The presidential centerpiece is an across-the-board rate reduction. No more social engineering. Rather than dribbling cash to people who, like laboratory rats, push one lever or another, the administration would let taxpayers decide how to use their own money.
This is reason enough for critics to yelp. Even worse, though, is the fact that wealthier people receive back more money. The class warriors are in full battle cry.
William Gale of the Brookings Institution complains: “The president’s plan is huge, back-loaded and tilted dramatically toward the highest-income households.”
Senate Minority Leader Tom Daschle, D‑S.D., says with their return, the rich would be able to buy a Lexus, while the poor could purchase only a muffler for a used car.
Well, now.
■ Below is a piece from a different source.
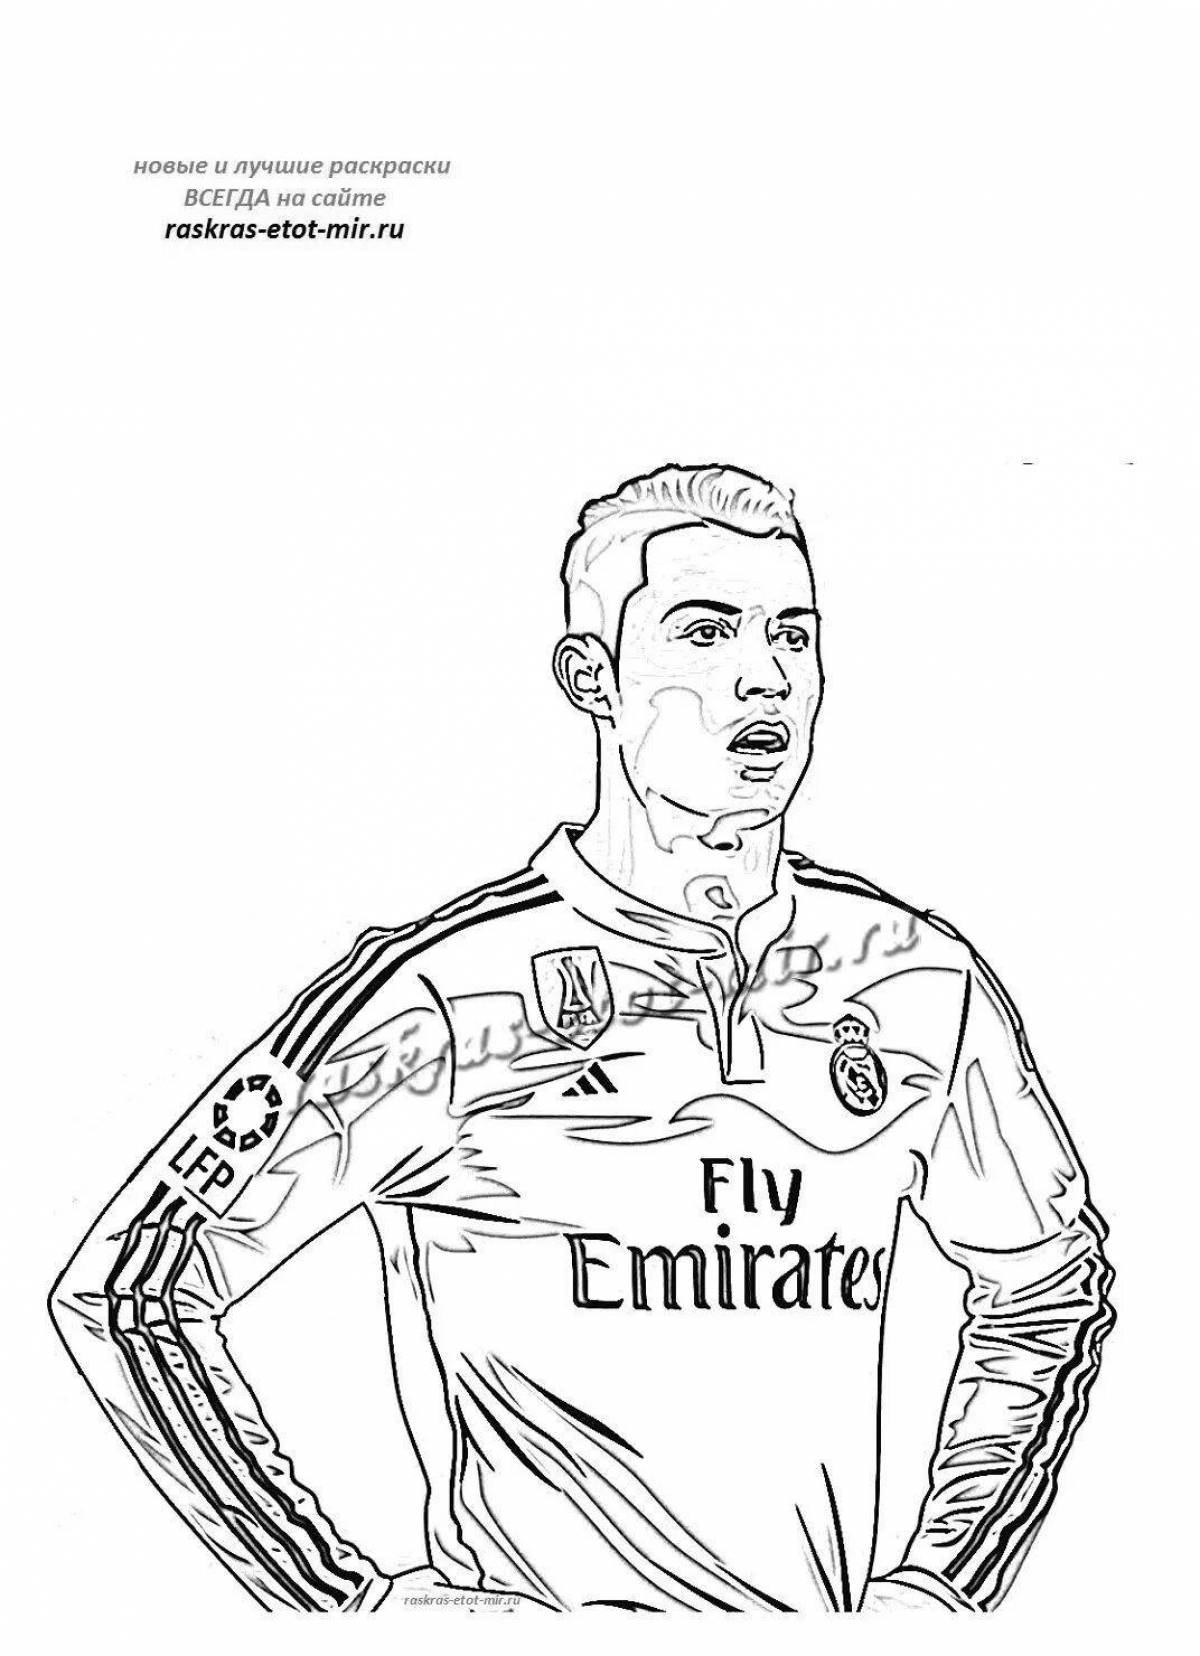 Ronaldo fashion photo coloring page

There’s a reason across-the-board cuts “favor” the rich. The rich pay more in taxes. A lot more.
The top 1 percent of taxpayers pay about one-third of all income taxes. The top 5 percent pay more than half. The top 10 percent pay nearly two-thirds. The top 25 percent pay more than $4 of every $5.
Occasionally, the purveyors of envy acknowledge this inconvenient fact. Yes, admits Washington Post columnist E.J. Dionne Jr., “the wealthy pay the most taxes,” but “they have also made the greatest gains in the past decade.”
Eh? Let’s run through this one more time. Tax cuts should go to people who pay taxes. It doesn’t matter whether their incomes have gone up or down.
Indeed, the fact that some higher-income people made great gains in the 1990s means that they are paying even more in taxes. So, they should receive more back.
They should, that is, unless one believes that Uncle Sam is the great benefactor who generously allowed them to earn more. And, that all money really belongs to the government, so increased earnings are the equivalent of a tax cut.
The best argument wheeled out by critics is: “What about the payroll tax?” This regressive levy falls most heavily on lower-income people.
Good point, but few of these born-again tax-cutters previously evinced the slightest interest in reducing the tax burden on anyone. They wanted to spend all of the loot collected by Uncle Sam.
Only now, worried that some cash might be returned to those who earned it, have tax cut critics discovered the plight of wage-earners. Which they cite only as a reason not to cut income levies.
The payroll tax is an awful burden, a regressive disincentive to employment. But, it should be addressed while reforming Social Security.
The system is heading toward bankruptcy, set to run out of money in little more than a decade. Many new workers will actually receive a negative return. Payroll taxes should be reduced by allowing people to shift money into personal retirement accounts.
Income tax cuts are a moral imperative. Americans bear the highest peacetime tax burden in history. In the face of a possible economic slowdown, Uncle Sam continues to grossly overcharge taxpayers.
Moreover, the looming surplus provides an irresistible honey pot for irresponsible legislators. Including the Republicans who control Congress.
As Cato Institute scholars Stephen Moore and Stephen Slivinski point out, the last Congress was “the largest-spending Congress on domestic social programs since the late 1970s when Jimmy Carter sat in the Oval Office and Thomas ‘Tip’ O’Neill was speaker of the House.” For three years, the budget of every Cabinet department has grown up to five times the rate of inflation. No wonder Mitch Daniels, director of the Office of Management and Budget, speaks of the need for spending restraint.
Huge and unjustified tax hikes were the hallmark of both the original Bush and the Clinton presidencies. This President Bush seems determined to create a different record.
Indeed, his proposal for a 10-year, $1.6 trillion tax cut is too modest. It is just half of the estimated surplus over the same period, which doesn’t include savings from even modest spending restraint.
Moreover, as a percentage of GDP, the Bush plan is only half the size of John F. Kennedy’s rate reduction and one-third the size of Ronald Reagan’s tax cut. Bush would provide less relief than was pushed by congressional Democrats in 1981, according to Eric Schlecht of the National Taxpayers Union.
Thus, Congress should slash taxes even more, deepening the proposed rate reductions and eliminating the hikes imposed by the elder Bush and Clinton.
Taxes have been going up for a decade. It is time to lower them. For people who actually pay taxes.